# [What needs to be done]
An exact transcription of all the records, free of pictures, is the expected answer.

# [Information provided]
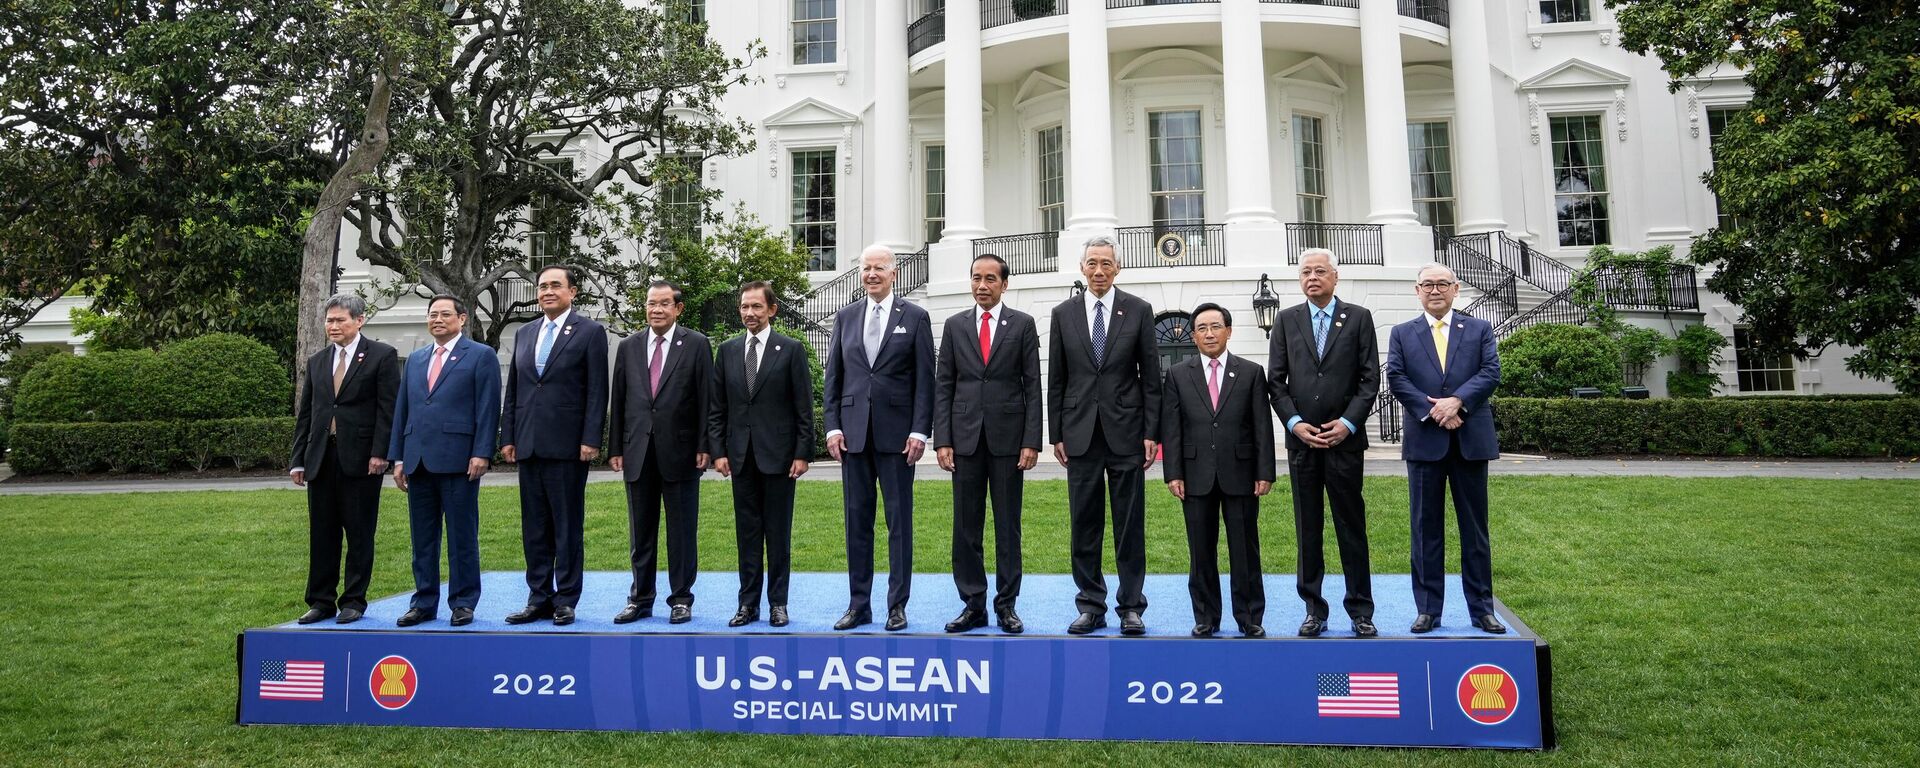 ホワイトハウスの外で撮影される米大統領と米国・ASEAN首脳会議の参加者 - Sputnik 日本, 1920, 13.05.2022
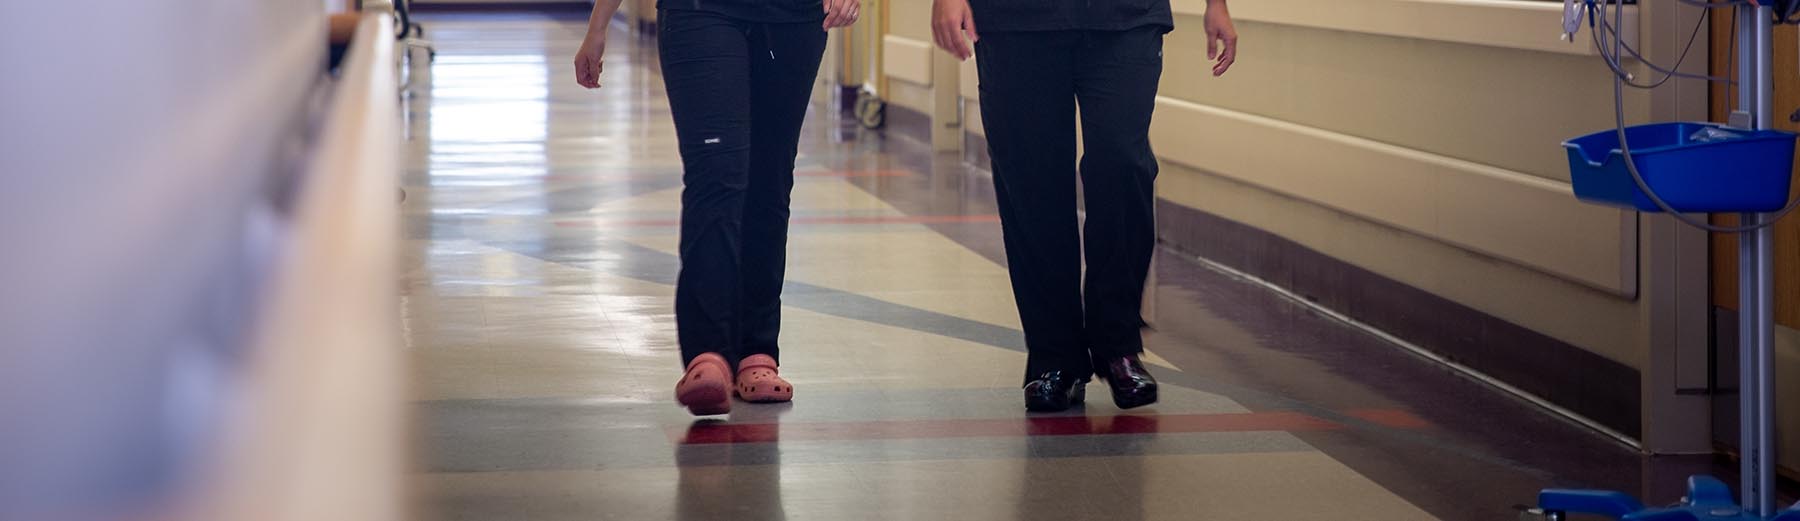 Duas enfermeiras andando por um corredor
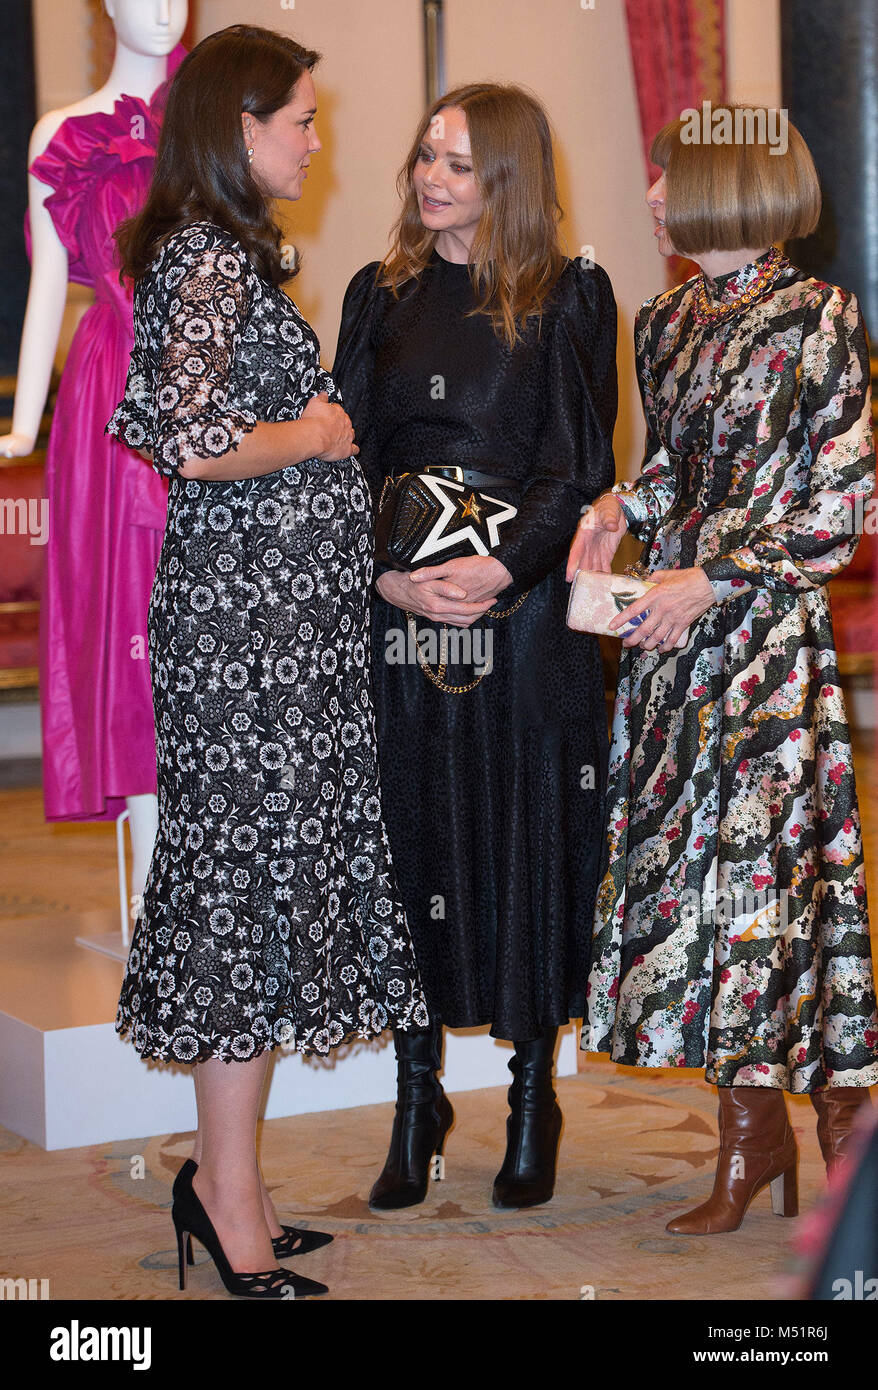 La duchesse de Cambridge avec designer Stella McCartney (centre) et Conde Nast Directeur Artistique Anna Wintour (à droite) lors d'une réception pour célébrer l'échange de la mode du Commonwealth au palais de Buckingham à Londres. Banque D'Images
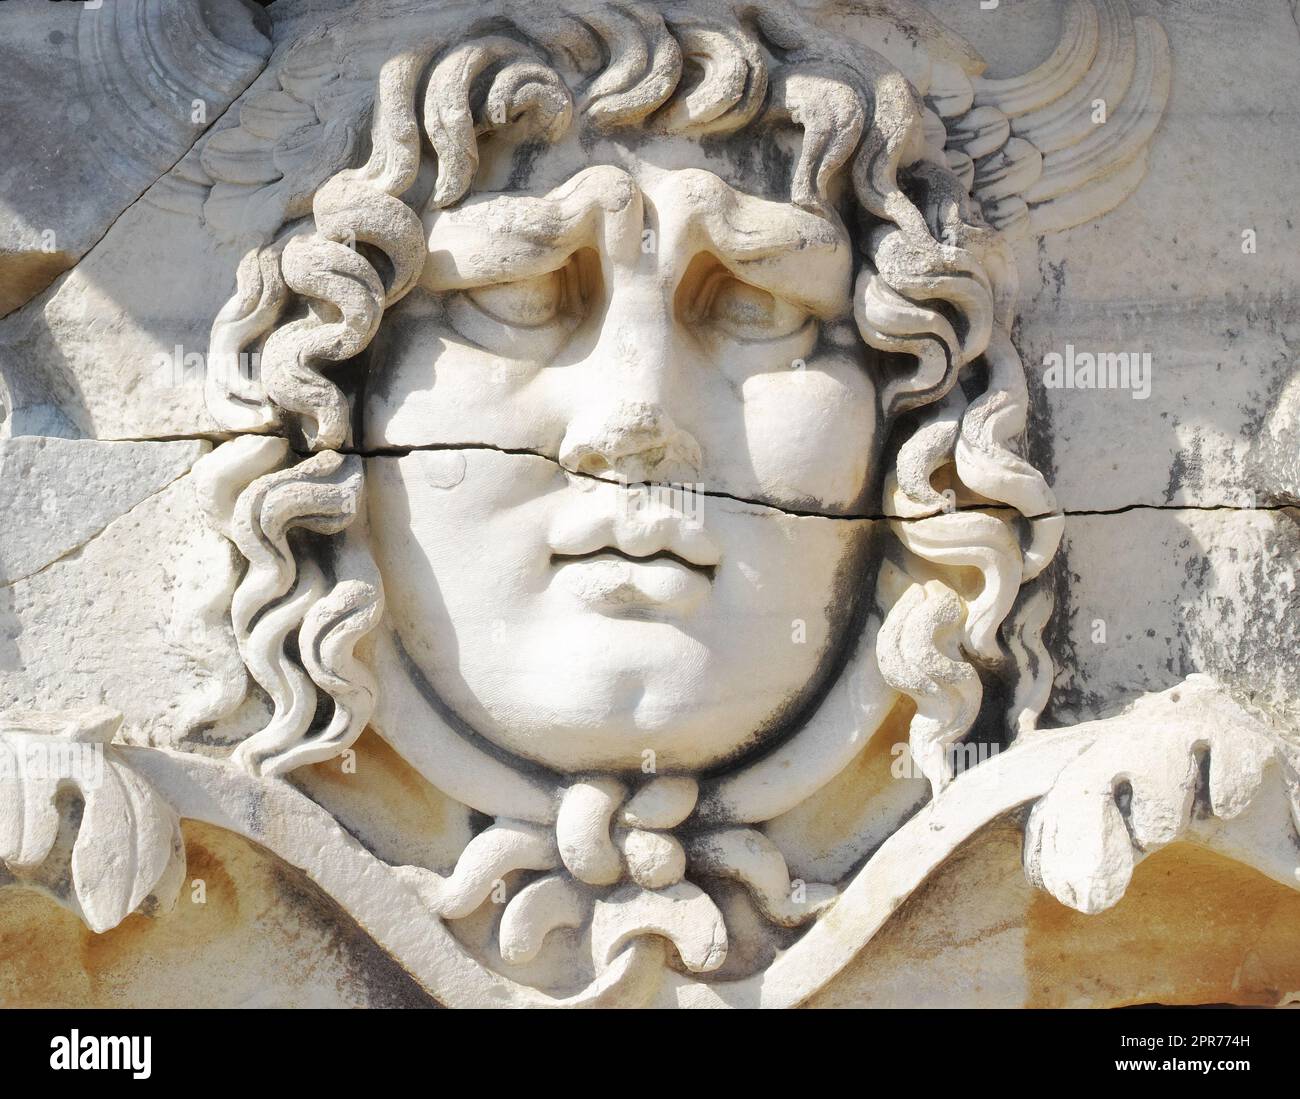 Gros plan d'un visage sculpté sur du marbre de style classique par les Grecs anciens au Temple d'Apollon à Didyma. Un impressionnant sanctuaire en ruines ou statue dans la ville hellénique de Miletus, dans le sud-ouest de la Turquie Banque D'Images
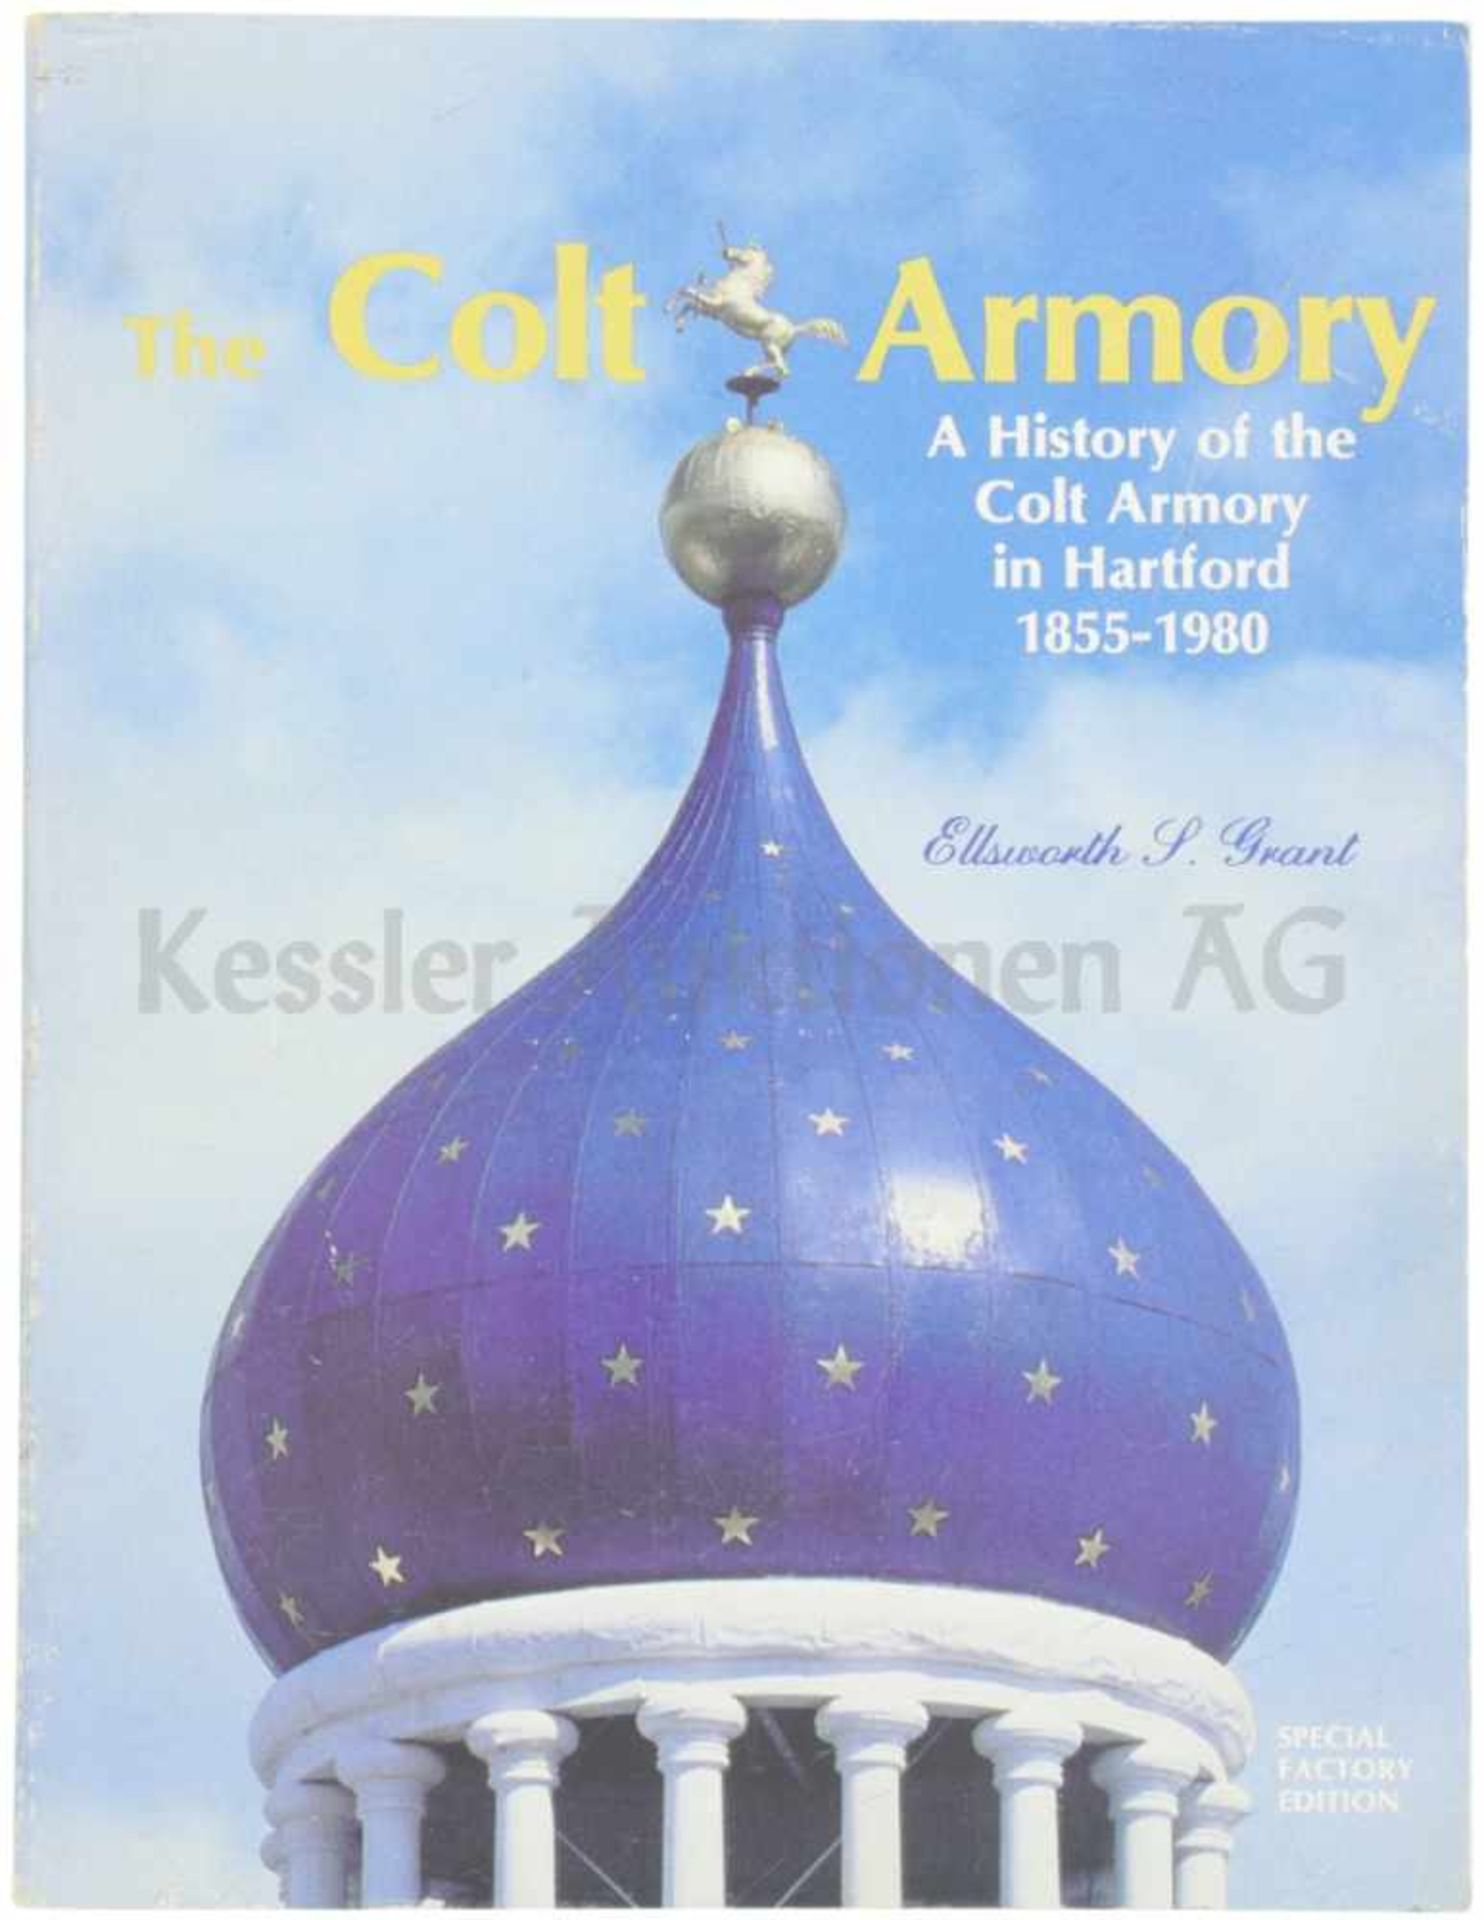 The Colt Armory Diverse Illustrationen enthaltend, wird die Geschichte der Firma Colt in Hartford,

# [Task answer]
 ホワイトハウスの外で撮影される米大統領と米国・ASEAN首脳会議の参加者 - Sputnik 日本, 1920, 13.05.2022
 Duas enfermeiras andando por um corredor
 La duchesse de Cambridge avec designer Stella McCartney (centre) et Conde Nast Directeur Artistique Anna Wintour (à droite) lors d'une réception pour célébrer l'échange de la mode du Commonwealth au palais de Buckingham à Londres. Banque D'Images
 Gros plan d'un visage sculpté sur du marbre de style classique par les Grecs anciens au Temple d'Apollon à Didyma. Un impressionnant sanctuaire en ruines ou statue dans la ville hellénique de Miletus, dans le sud-ouest de la Turquie Banque D'Images
 The Colt Armory Diverse Illustrationen enthaltend, wird die Geschichte der Firma Colt in Hartford,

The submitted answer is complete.